• _TASK ITEM_
Among the lines below, take the one holding "A blue Pimpernel", the one holding "SURPRISE, AZ - MARCH", and all lines between them. Set them down exactly.
══ SOURCE DATA ══
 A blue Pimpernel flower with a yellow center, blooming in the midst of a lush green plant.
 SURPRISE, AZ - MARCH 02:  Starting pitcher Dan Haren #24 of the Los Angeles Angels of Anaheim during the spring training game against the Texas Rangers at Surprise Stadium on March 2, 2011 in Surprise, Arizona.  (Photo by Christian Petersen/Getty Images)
═══
══ SOURCE DATA ══
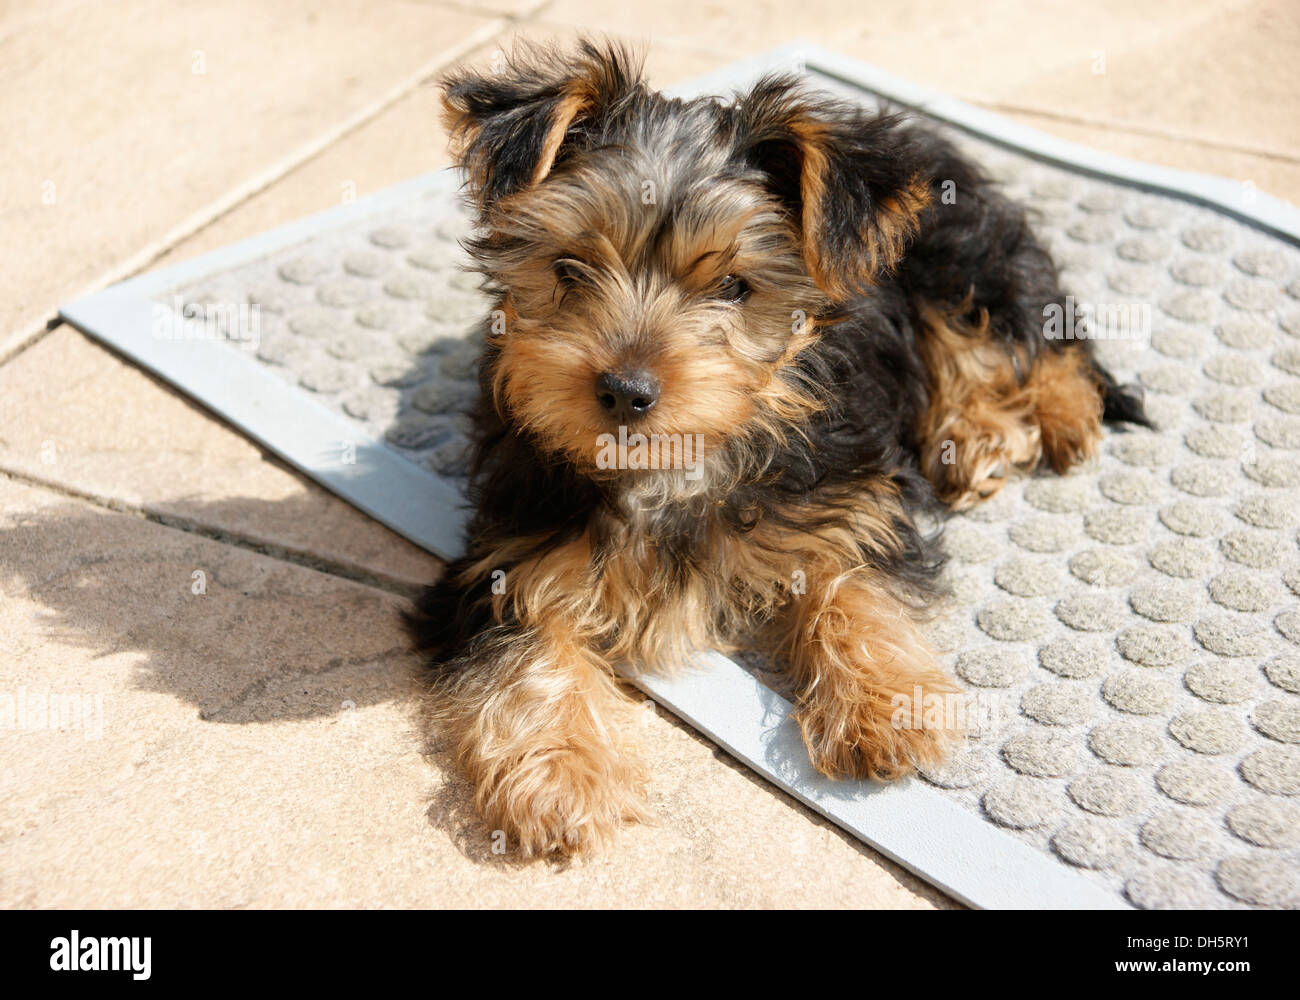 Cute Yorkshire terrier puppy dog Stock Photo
═══
══ SOURCE DATA ══
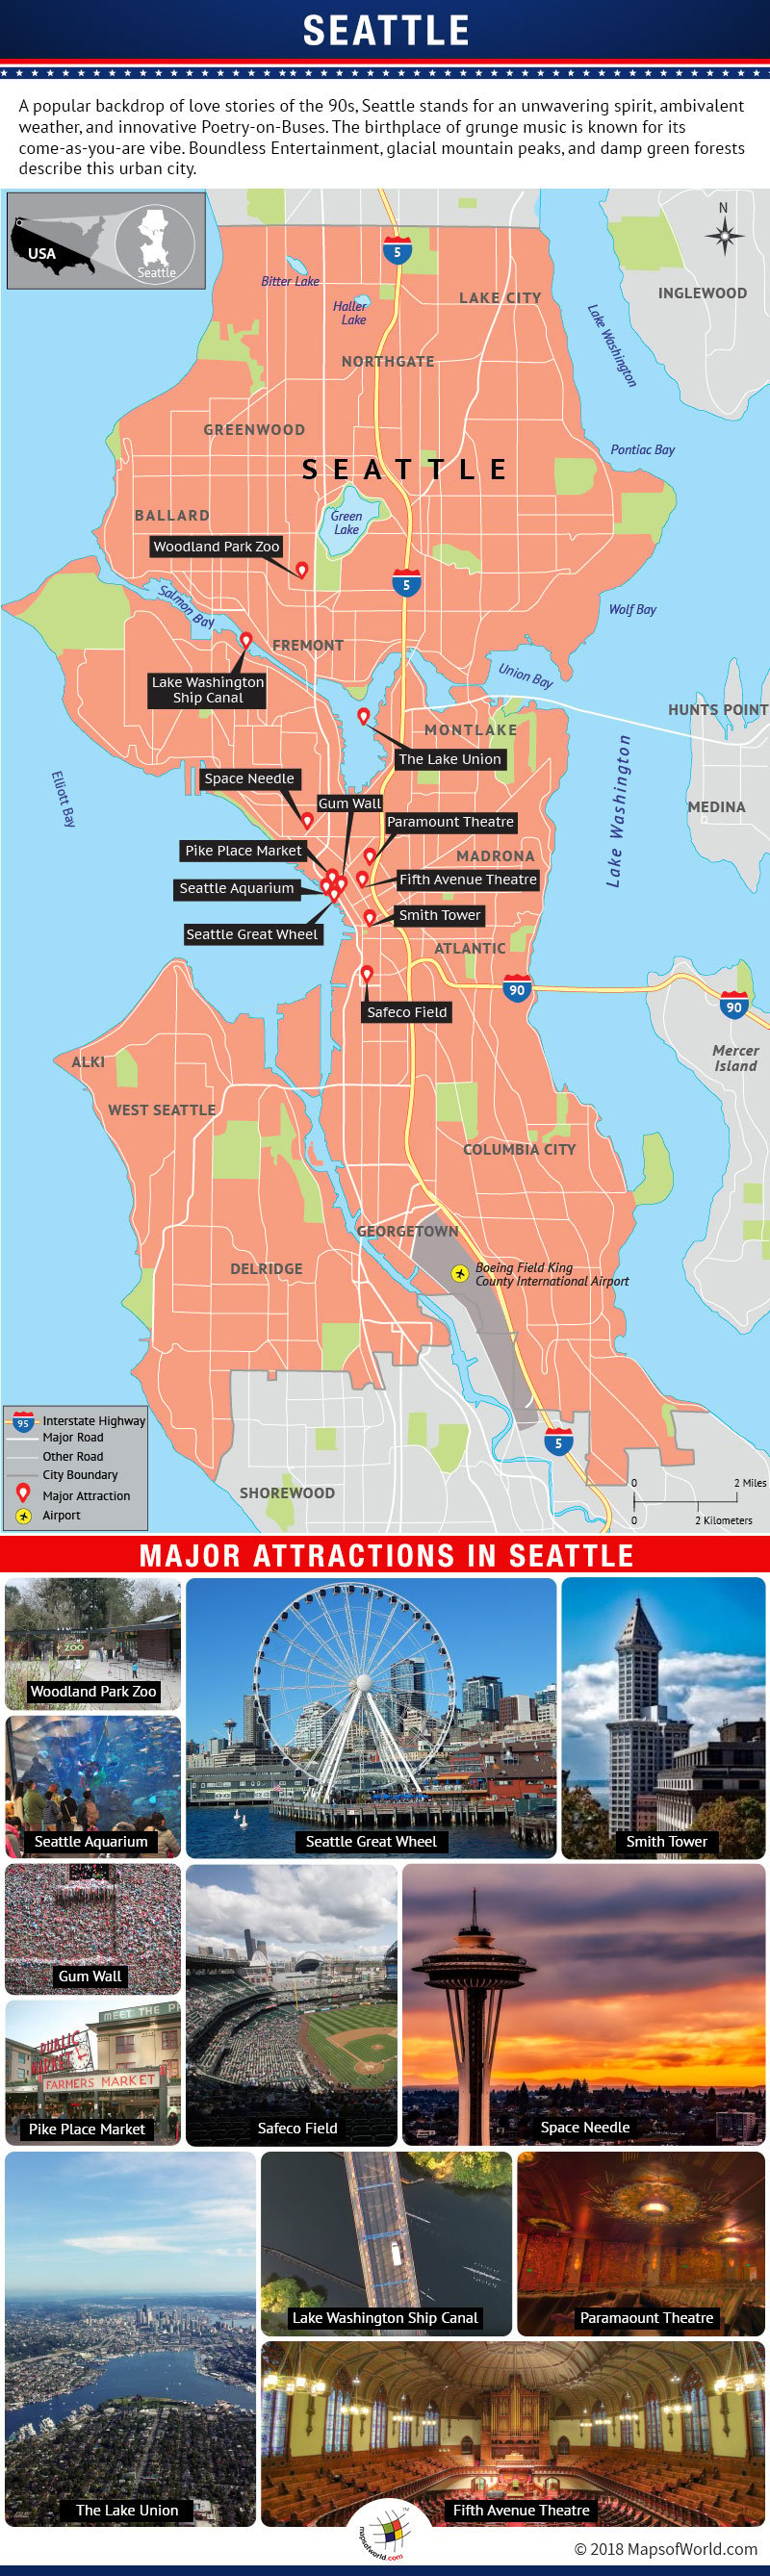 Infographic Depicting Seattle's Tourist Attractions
═══
• _ANSWER TO THE EXERCISE_
 A blue Pimpernel flower with a yellow center, blooming in the midst of a lush green plant.
 SURPRISE, AZ - MARCH 02:  Starting pitcher Dan Haren #24 of the Los Angeles Angels of Anaheim during the spring training game against the Texas Rangers at Surprise Stadium on March 2, 2011 in Surprise, Arizona.  (Photo by Christian Petersen/Getty Images)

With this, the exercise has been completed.